The idea that what we choose to do is based mainly on rewards and punishments is the basic premise of "Behaviorism", a theory of psychology developed by B.F. Skinner in the 1930's.  I read several of his books in the 1970's and 1980's when Behaviorism was still in vogue.  According to a recent article by David Freeman in Atlantic magazine, "Behaviorism" fell out of favor for a while because of discomfort with the idea that our choices are based so deeply on rewards versus reason and willpower.  But behaviorism, says Freeman, is now coming back because its principles are the best explanation for the most successful programs aimed at changing behaviors such as Weight Watchers, Alcoholics Anonymous, and certain exercise programs.  Here's a link to Freeman's article:  The Perfected Self.

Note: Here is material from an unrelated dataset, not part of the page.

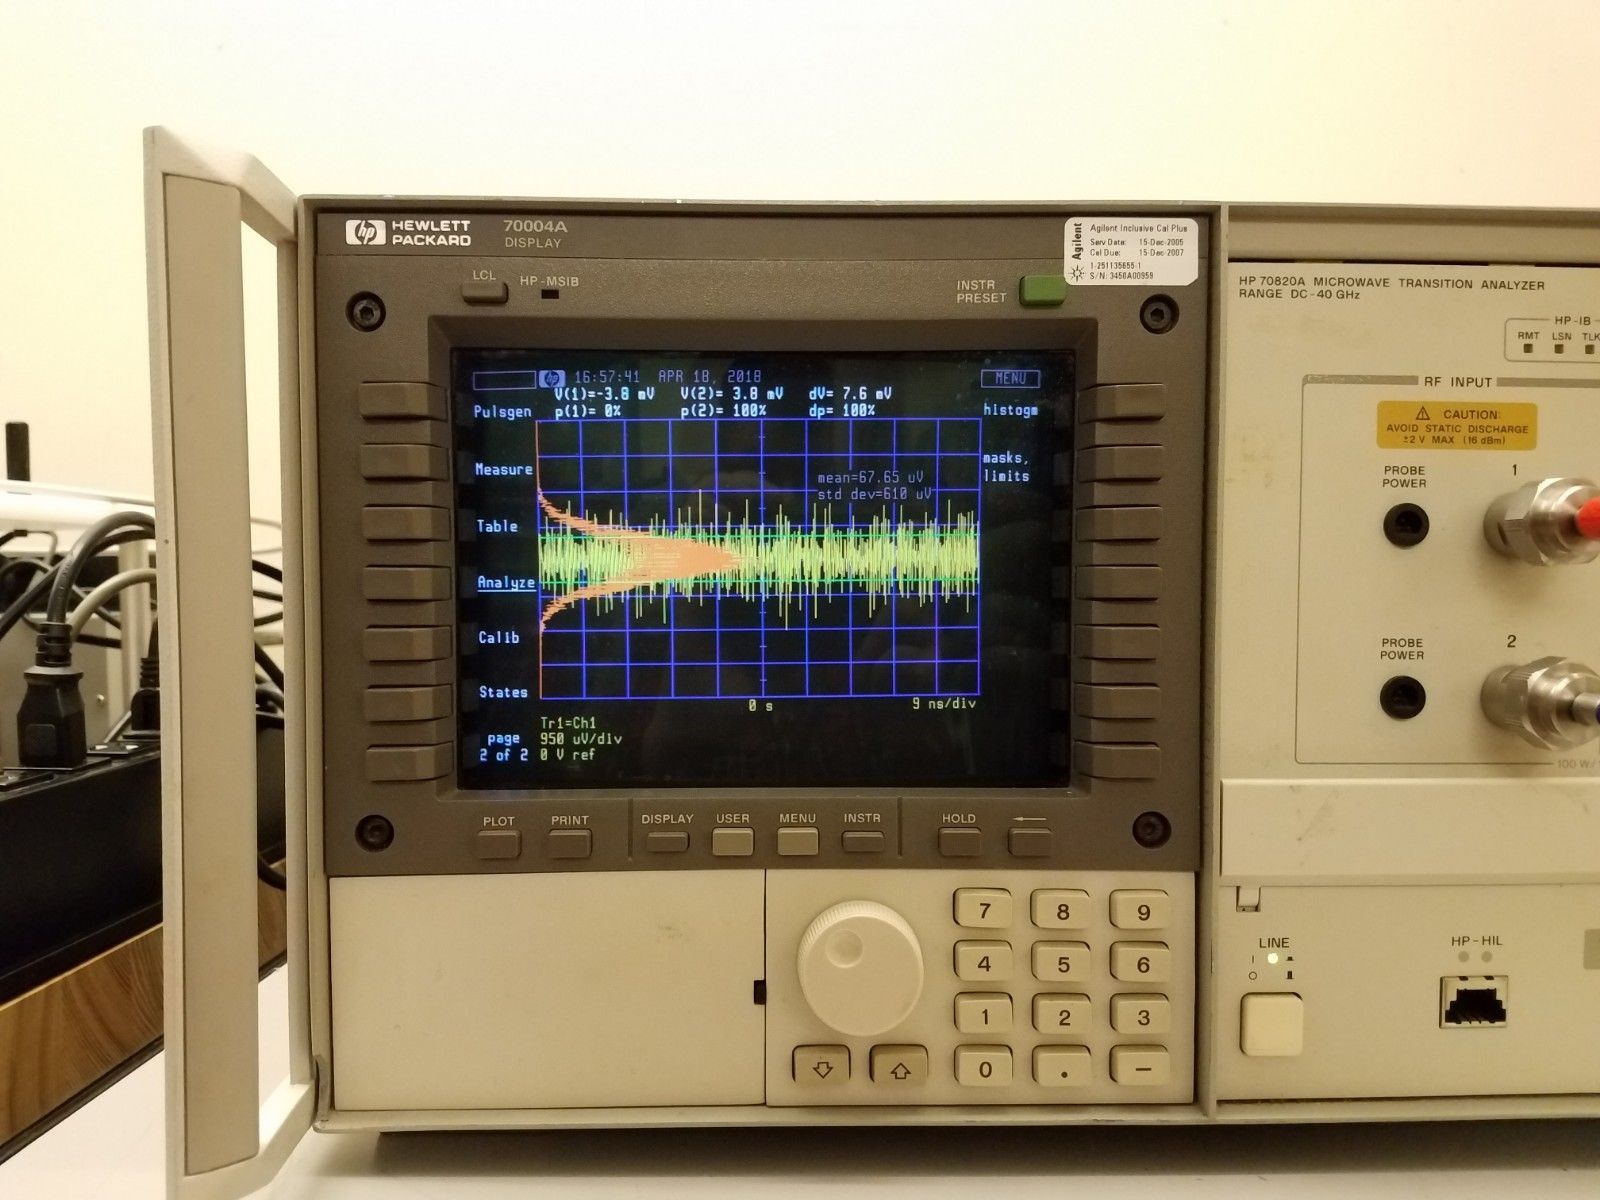 hp-70820a-dc-40-ghz-microwave-transition-analyzer-hp-70004a-keyboard-0.jpg
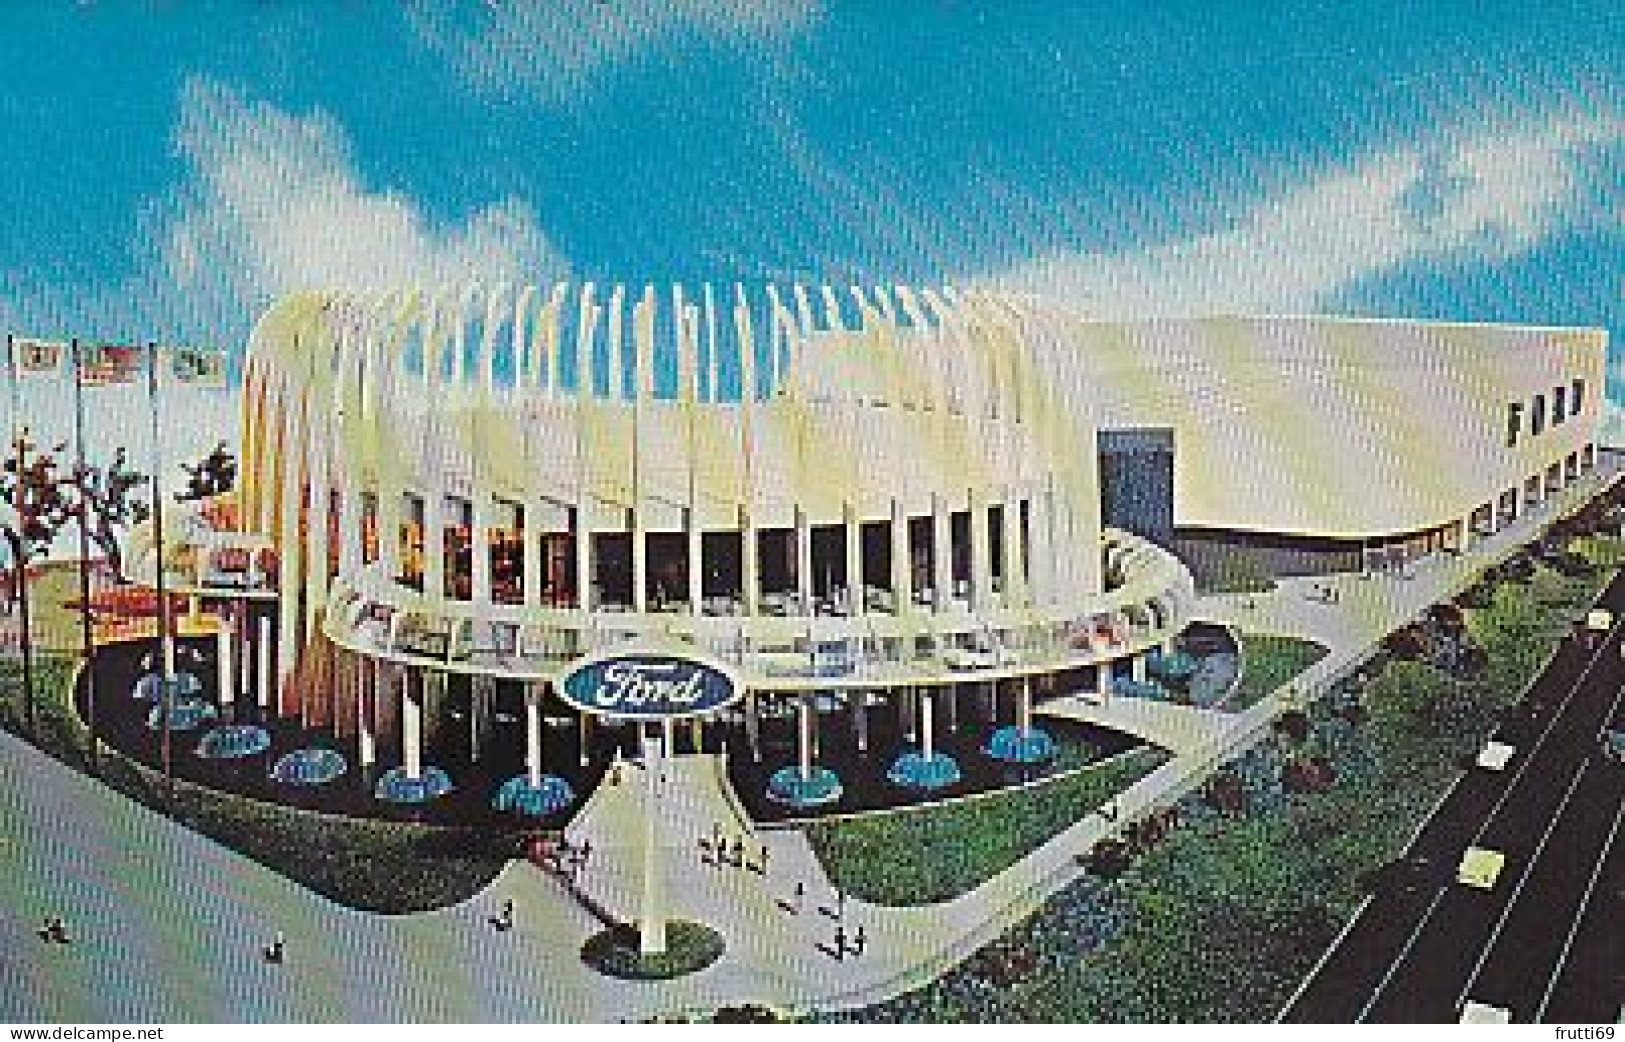 AK 215383 USA - New York World's Fair 1964-65 - Ford Motor Company Pavilion - Exposiciones

So, if I accept my "Inner Lab Rat", if I accept that I behave based on rewards more than I do based on willpower and logic, what should I do?  If I want to make a certain choice more often, I guess I'd better figure out how to make it rewarding.  If I want to use the treadmill more, then watch an action movie on DVD or Netflix.  If I want to get through paperwork at home (something I hate doing), then listen to music while doing it.  If I can't make the task inherently rewarding, treat myself afterwards.  Don't just say, "From now on, I'm going to ______ more often" and expect willpower and memory to take it from there.  Figure out how to make the experience so enjoyable that I can reward my "Inner Lab Rat" with some "cheese".